Now that you have understood everything about my solution (I hope so!), you just have to launch files and you will see the turtlebot moving to the desired poses!

## 6.1. Setting the model for your turtlebot

To avoid having the model error at each turtlebot3 package node launch, I suggest you to run the following command:

echo "export TURTLEBOT3_MODEL=burger" >> ~/.bashrc


## 6.2. Launching Gazebo and Rviz

Always remember to run the setup files for ROS and catkin. Then run:

roslaunch simple_navigation_goals gazebo_navigation_rviz.launch


The gazebo_navigation_rviz.launch launch file brings up the Gazebo and Rviz environments together with the navigation nodes.

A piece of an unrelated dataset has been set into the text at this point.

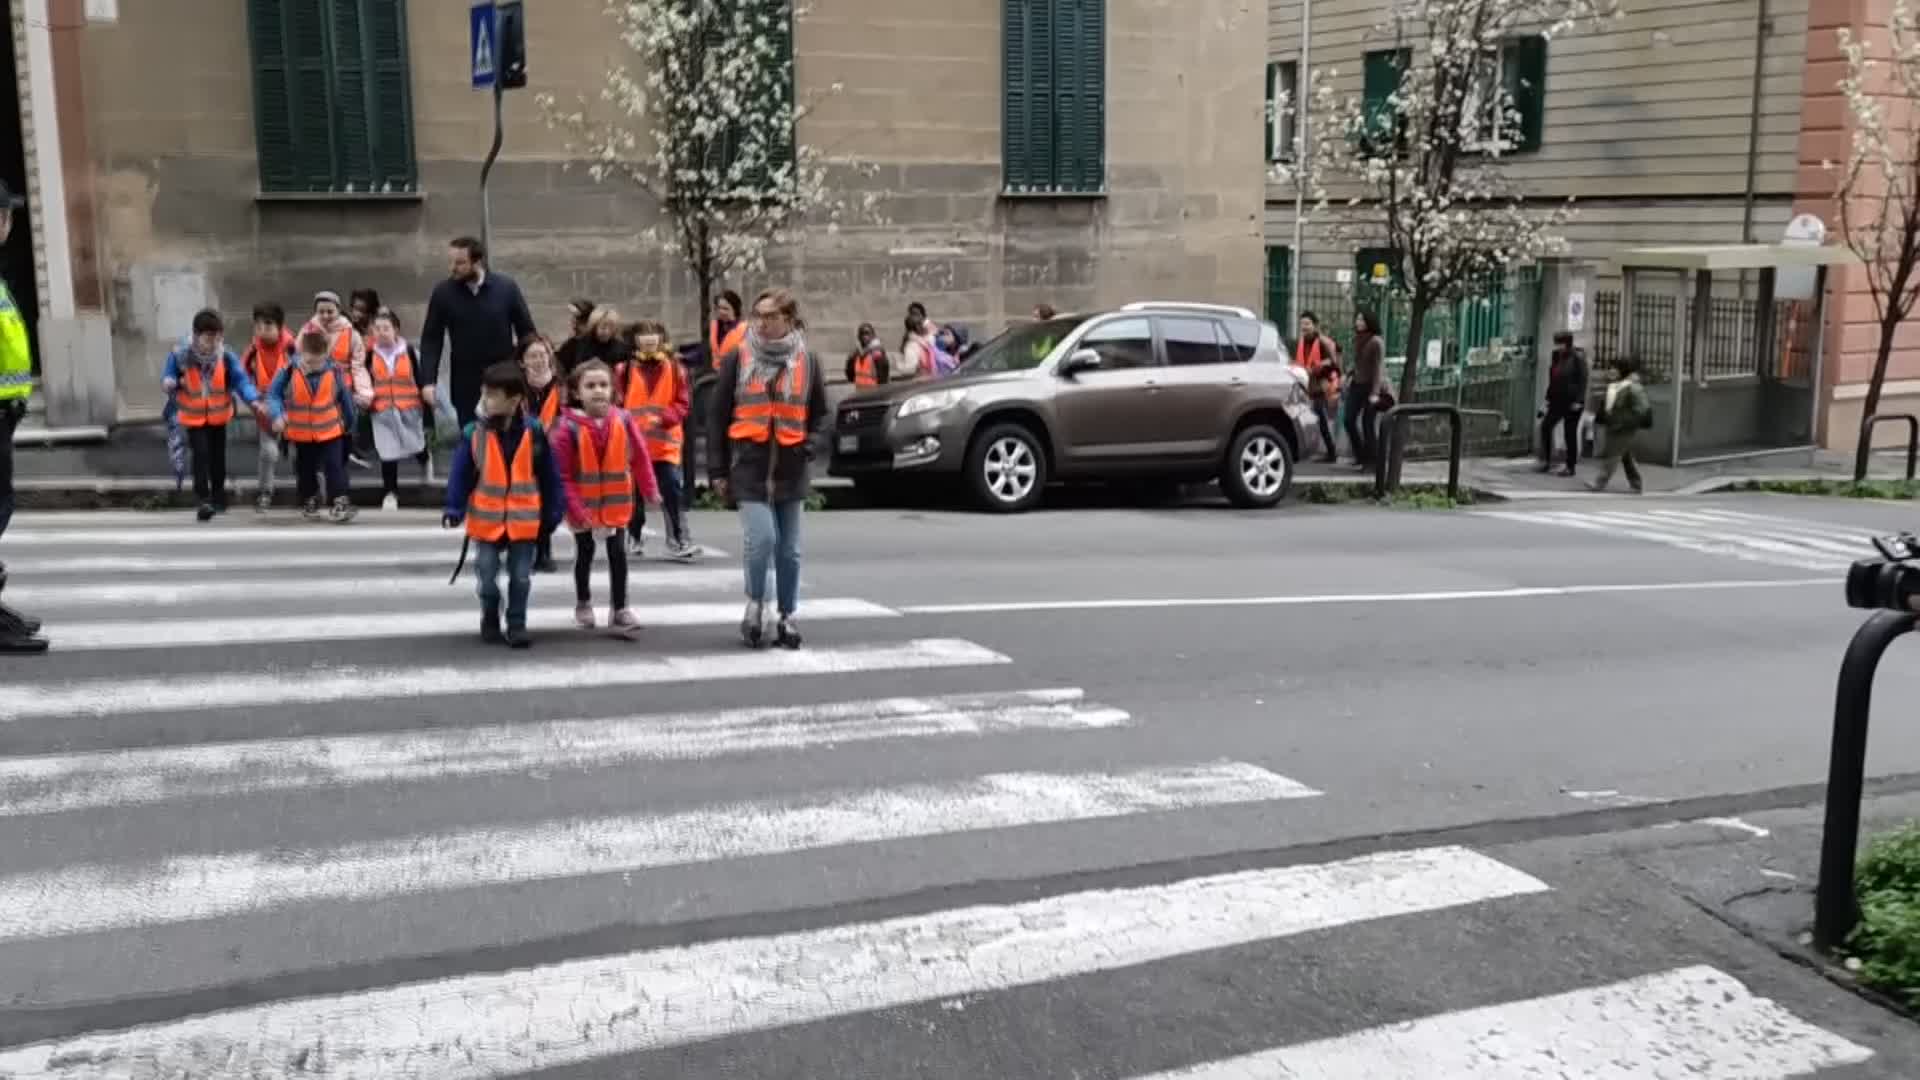 Consiglio comunale Genova, Campora: "Un piano per rafforzare la sicurezza stradale vicino alle scuole, giusto promuovere queste iniziative"

## 6.3. Set the current pose of turtlebot

In order to perform all the needed steps for navigating to the goal pose, the turtlebot needs to know (at least more or less) where it is in the map. To do so, in Rviz, press on the 2D Pose Estimate button, click in the approximate position where the turtlebot is visulized in the Gazebo view and, before releasing the click, set also its orientation.

## 6.4. Launching the movebase_seq node and load parameters

In a new terminal run the following command:

roslaunch simple_navigation_goals movebase_seq.launch


The navigation may take some time but you should be able to see the turtlebot going to the positions and orientations defined in the launch file. The green path is the global planner path while the blue one is the path of the local planner which changes frequently, depending on the robot sorroundings perception in time.

On the terminal you should receive some information about how the current goal execution is proceeding.

You should now have a working example of sending a sequence of poses to the navigation stack on the robot.

See ya!